In 2008, Trans/Hitos started a new phase. The fourth consecutive presentation in Valencia at the Cevisama 2008 trade fair recently surprised attendees with new ceramic possibilities, and the various interactions between users and ceramics projects.
ALICER (the Area for Design and Architecture of the Instituto de Tecnología Cerámica), in close collaboration with the Spanish Ceramic Tile Manufacturers’ Association (ASCER), the Spanish Association of Bathroom Furnishings Manufacturers (ASEBAN), and the CEVISAMA organization, noted the need to open a period of reflection in order to bring about a transformation and redefinition of certain Trans/Hitos approaches. The new 2008 exhibit of Trans/Hitos experienced a metamorphosis that kept up with current approaches to the use of ceramic tile.
Thanks also to the equally renewed impulse of the Department of Industry, Trade, and Innovation of the Regional Government of Valencia through the Institute of Small and Medium-sized Industry (IMPIVA), which has provided the means to undertake this action, and the support of DDI (State Society for the Development of Industrial Design), we are inaugurating Trans/Hitos with a change of name.
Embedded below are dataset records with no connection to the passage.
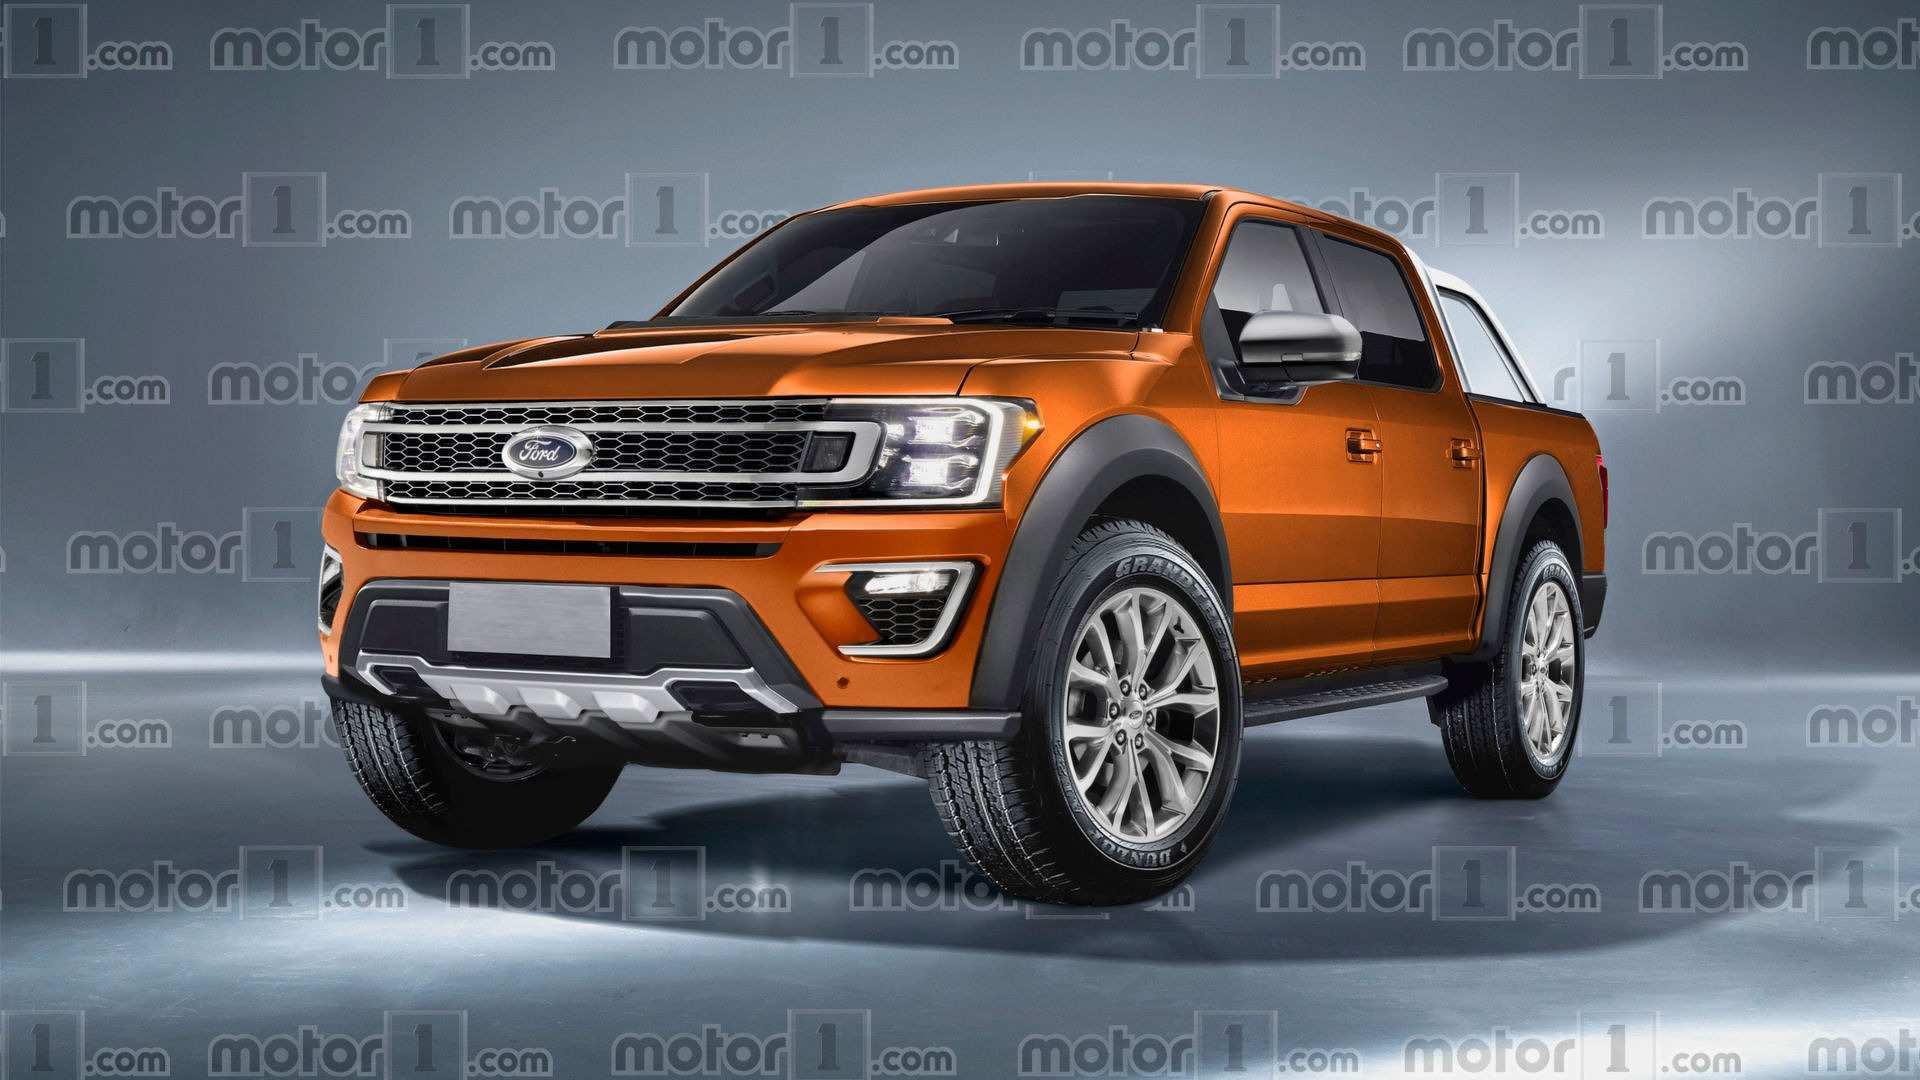 81 All New 2020 Ford Ranger Wildtrak Interior by 2020 Ford Ranger Wildtrak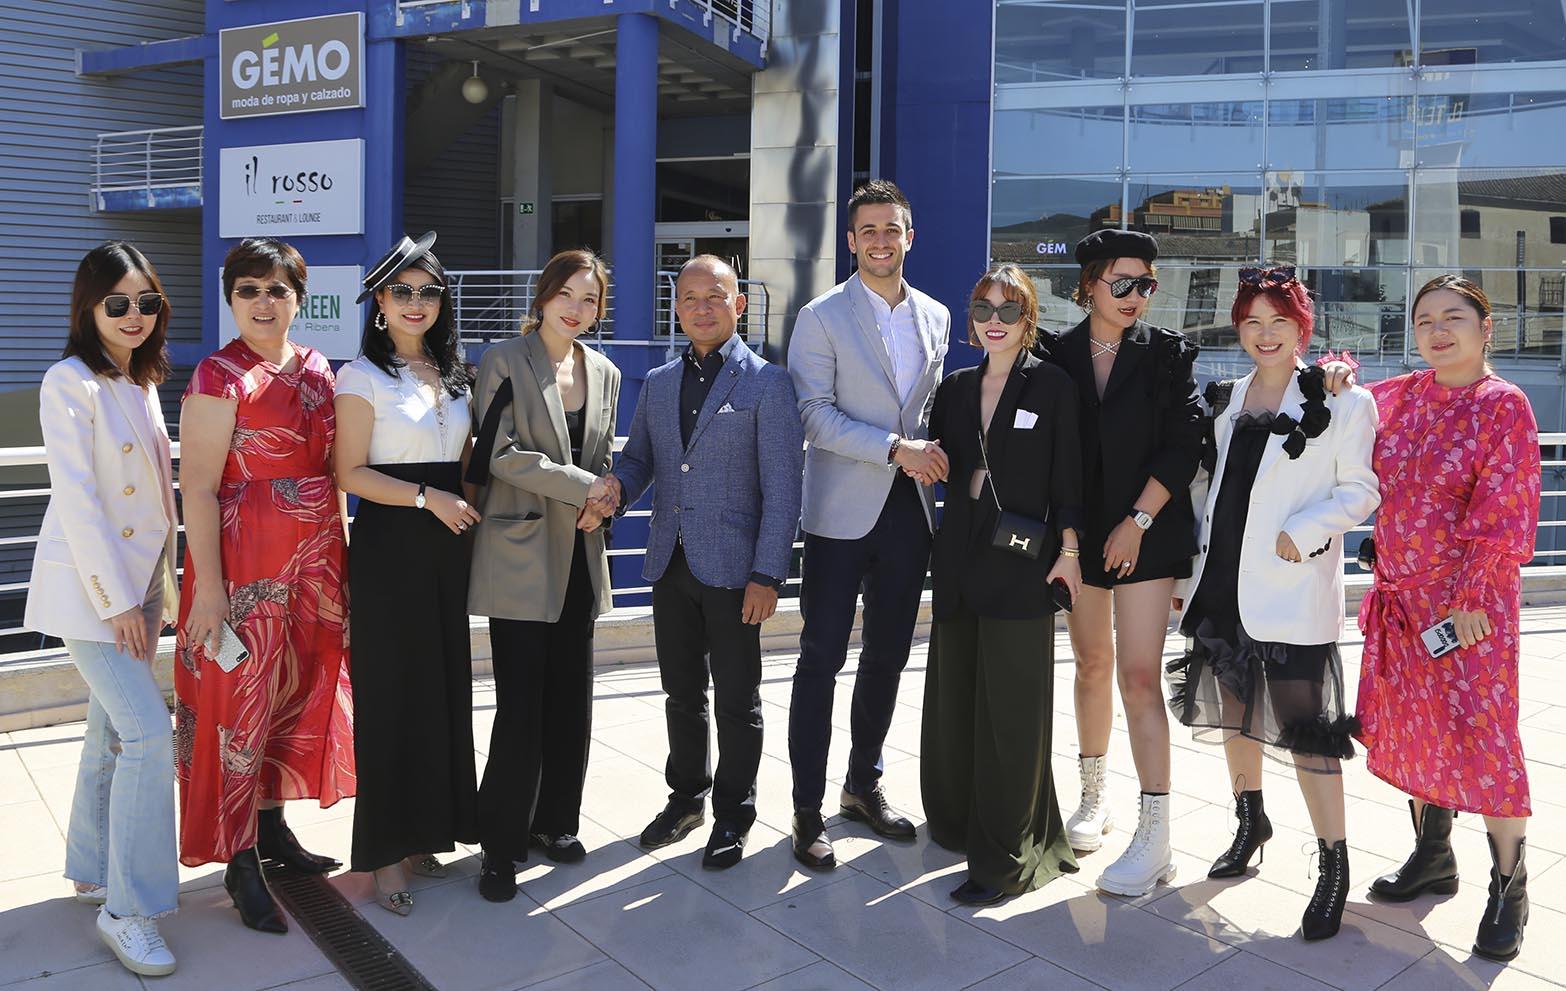 Un grupo cosmético chino elige a Ontinyent para su expansión El Periòdic d'Ontinyent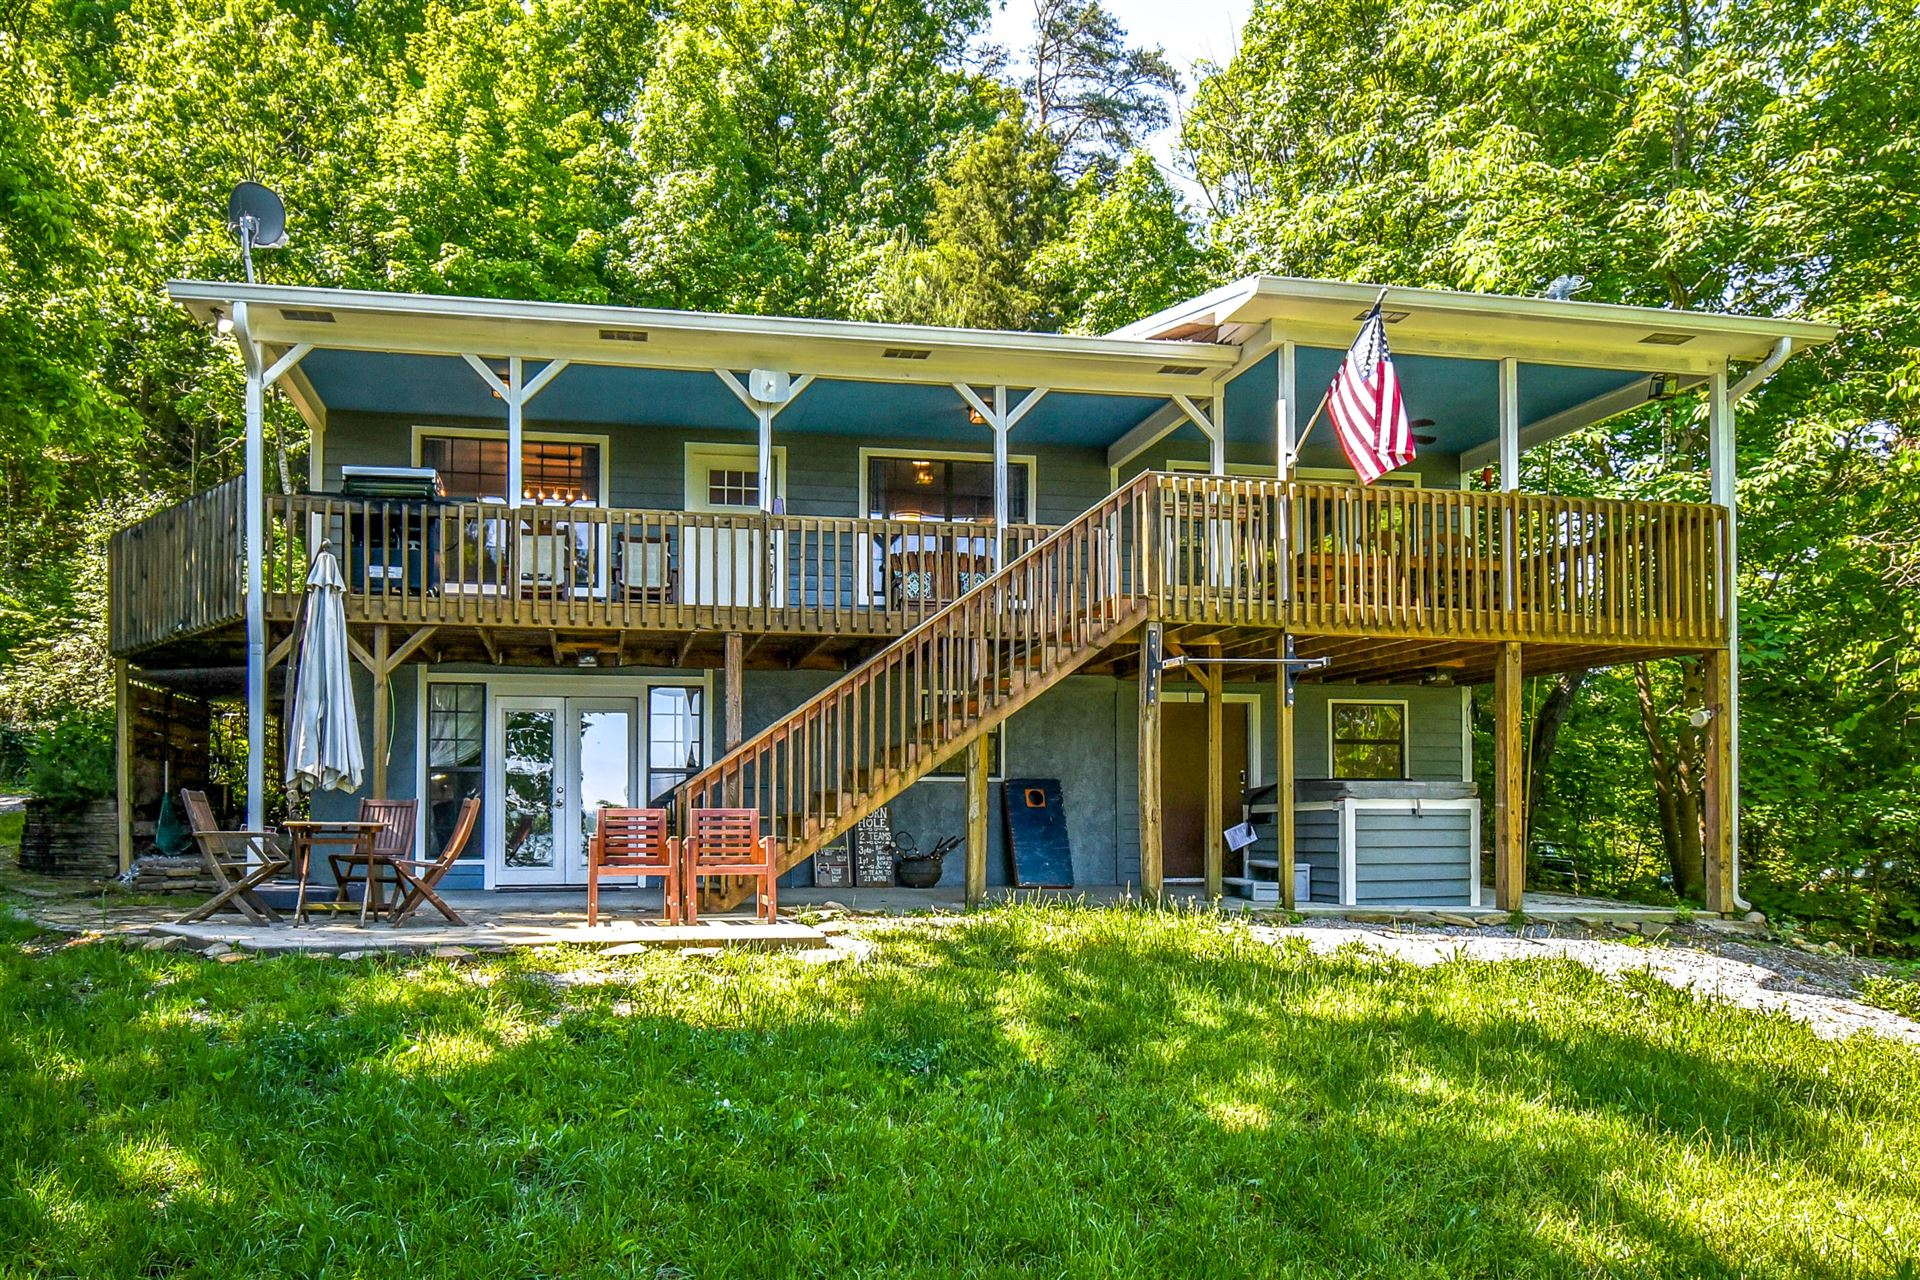 Photo for 2115 Muddy Creek Rd, Dandridge, TN 37725 (MLS # 1116257)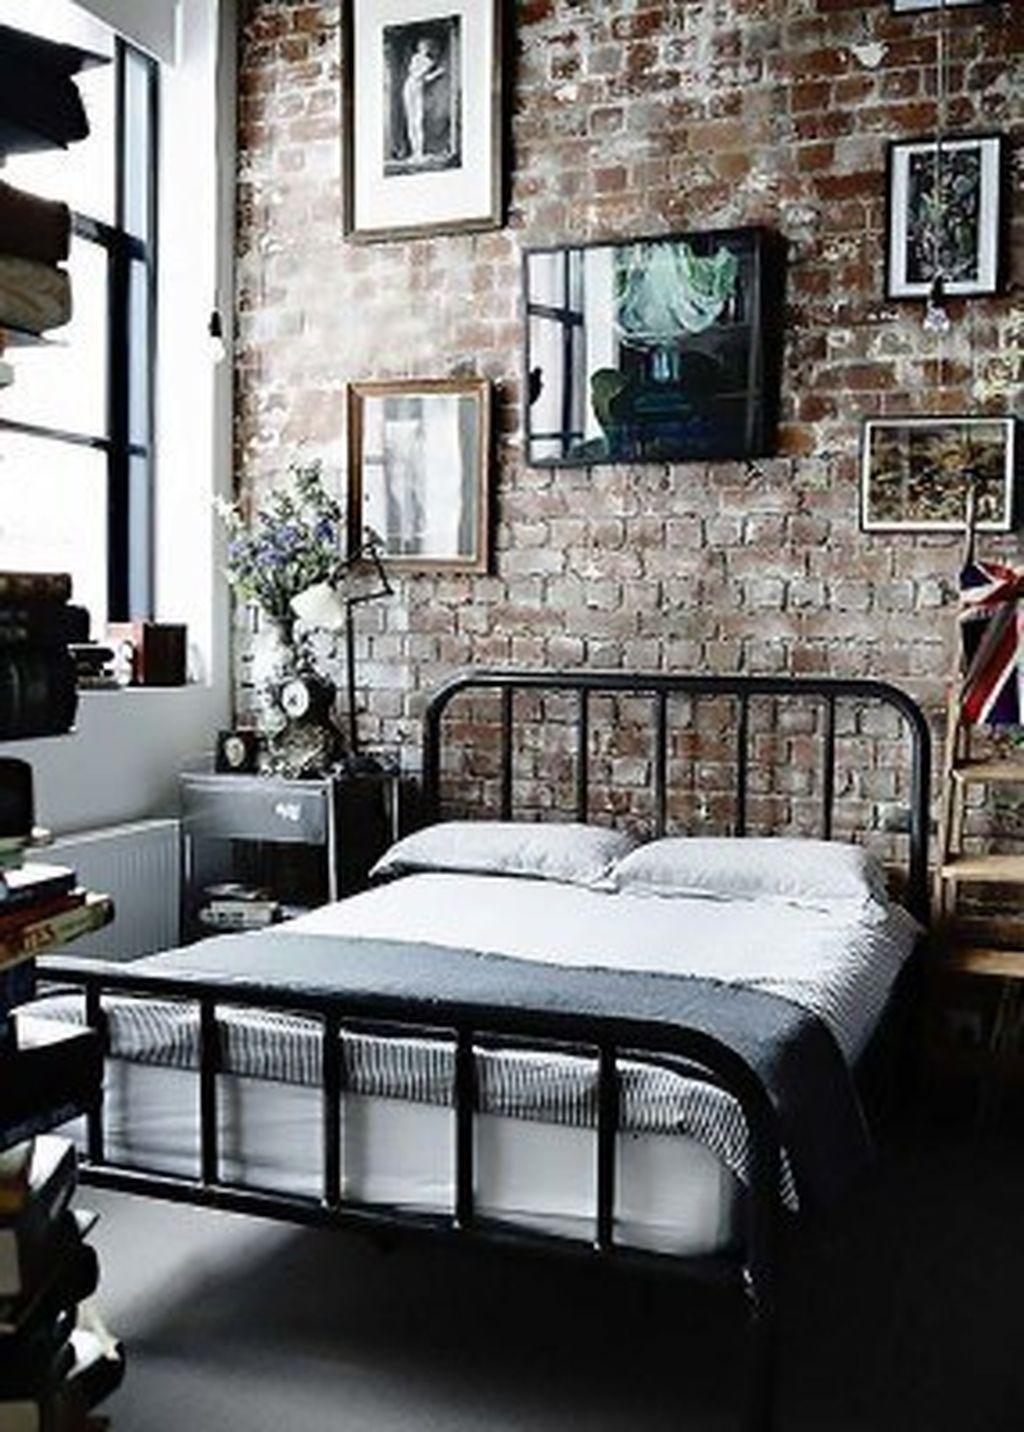 Loft style bedroom ideas   Stunning Loft Style Bedroom Design Ideas  Bedrooms Organisation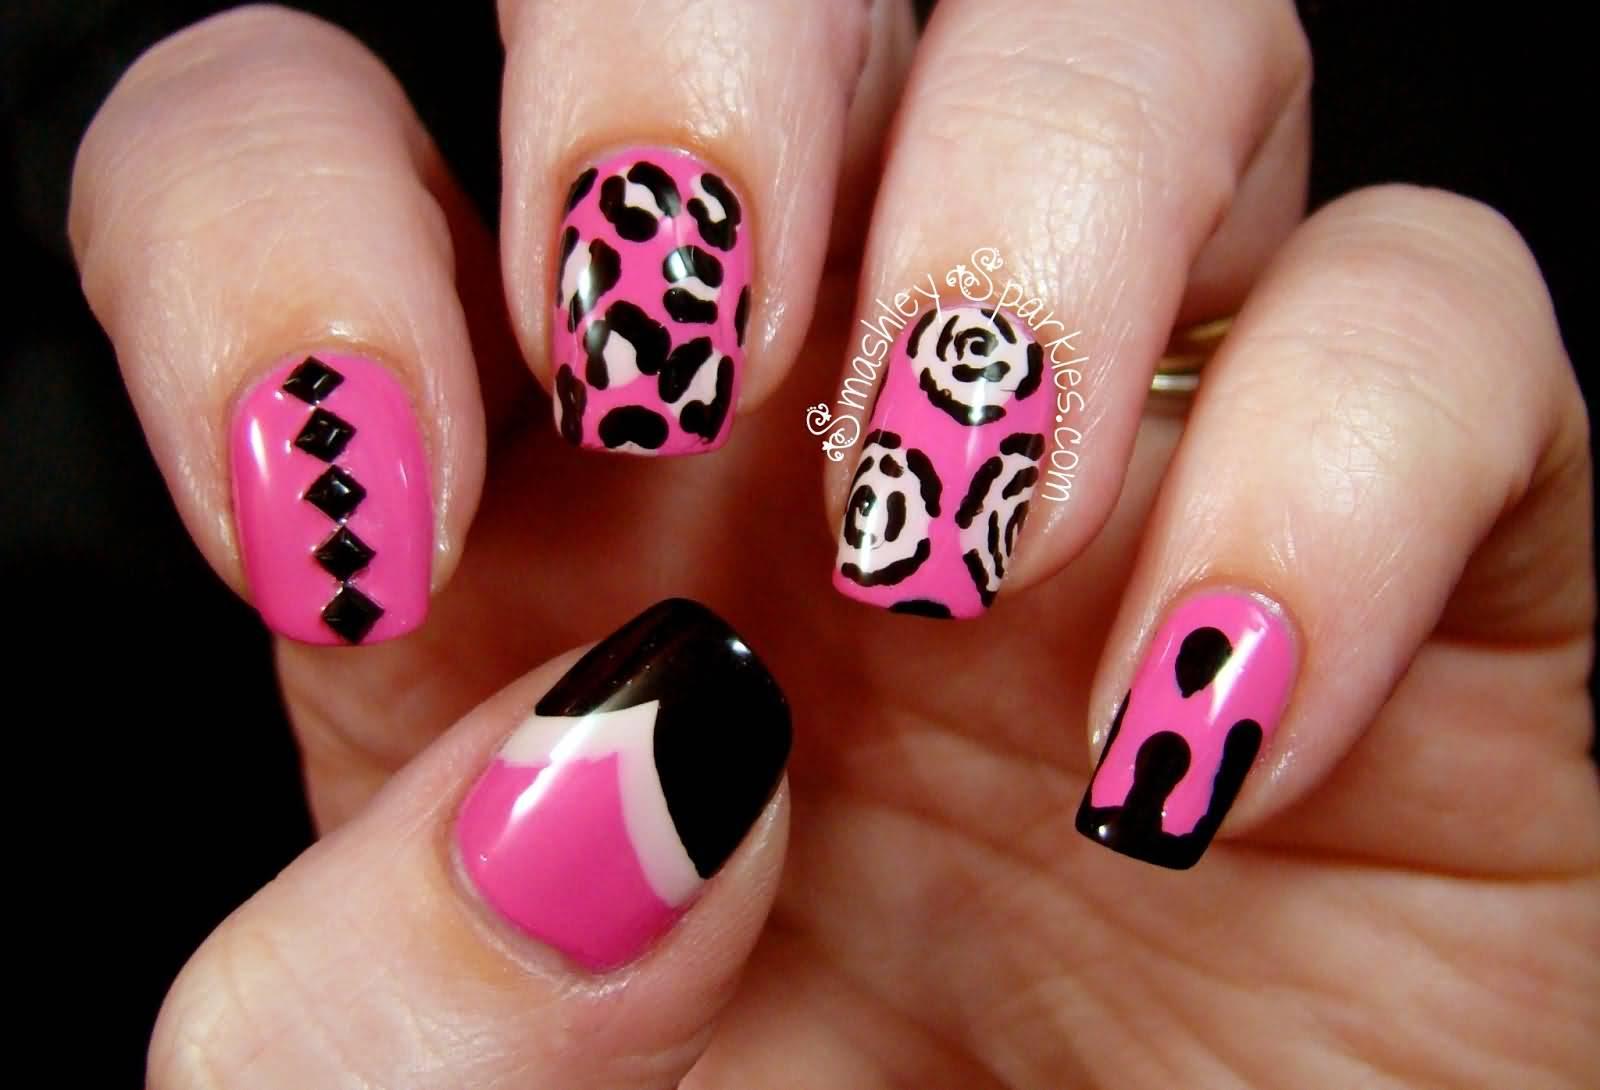 Cute Nail Designs With Red And Black: Nail d polish kiss halloween ...

Now called the “Exposition of Architecture and Interior Design in Ceramics” with the theme “Nomads,” this re-creates a series of micro-habitats based on criteria of adaptability, sustainability, mutual support, interaction, as well as practices associated with different groups of people’s methods of survival under extreme conditions.
Trans/Hitos 2008 “Nomads” premiere allowed viewers to interact with ceramics and experience different uses from familiar material.
NOMADSThe Trans/Hitos Exposition has undergone important changes, which are reflected in its new image: how ceramic tile interacts with the environment, inhabiting ephemeral spaces that do not impact the territory.
The new image (set to run from 2008-2010), aims to provide guidance on the technical and aesthetic possibilities of the Spanish ceramic industry.
The Cevisama exhibit allows us symbolically to showcase the essence of a way life: nomadism. In order to identify and associate with the dwellings of nomad peoples, the multidisciplinary team of ALICER has used a special type of roofing for all the space that holds the different areas of the exhibition, roofing that represents and re-creates a great North African tent.
The characteristics of the entire space are largely determined by the singularities of the roofing: a great network made up of planes with a large surface area in a trapezoidal shape, formed in turn by grids of very small-sized squares. These large planes that form the roof have a very rigid constitution and are tensioned at their four corners. They are secured by fastening to the columns of the premises at different heights and angles.
Seven spaces that make up the exposition reflect the current interpretation of Nomads by the multidisciplinary team of ALICER and the architects’ studios Roldán+Berengué and Paredes Pedrosa.’
Exposition Areas & AwardsThe First Habitat Area evoked the direct relation that integrates man in an independent ecosystem, represented by a canyon filled with caverns. One of the canyons shows the projects that have received the Sixth Tile of Spain Awards in Architecture and Interior design, organized by ASCER.
First Prize-Architecture Category: “Color Revolution” by José Durán Fernández, a project that features the makeover of San Vicente street in Burriana (Castellón), in which the use of ceramics with their gloss and colors plays a leading role, contributing to a new urban identity of the road.
First Prize-Interior Design Category: “Municipal Health Centre of San Blas (Madrid)” by Estudio Entresitio, with María Hurtado de Mendoza Wahrolén, César Jiménez de Tejada Benavides and José María Hurtado de Mendoza Wahrolén, for its coherence in the use of the materials in interior and exterior, including ceramics as a mirror to reflect the light through patios and skylights.
First Prize-Degree Final Project Award: “C_DAC (Documentation Centre for Contemporary Architecture),” by Sergio Bruns Banegas, a type of urban implementation, particularly noted to determine the general strategy of the project, in which ceramics were used coherently, with capacity for invention and risk.
Honorable Mention-Degree Final Project Award: “Law Court Building in Palencia,” by Isabel García Vázquez, regarding which the jury noted that it was “a disquieting group of boxes, where the quality of ceramics and light guide the viewer through the labyrinth.”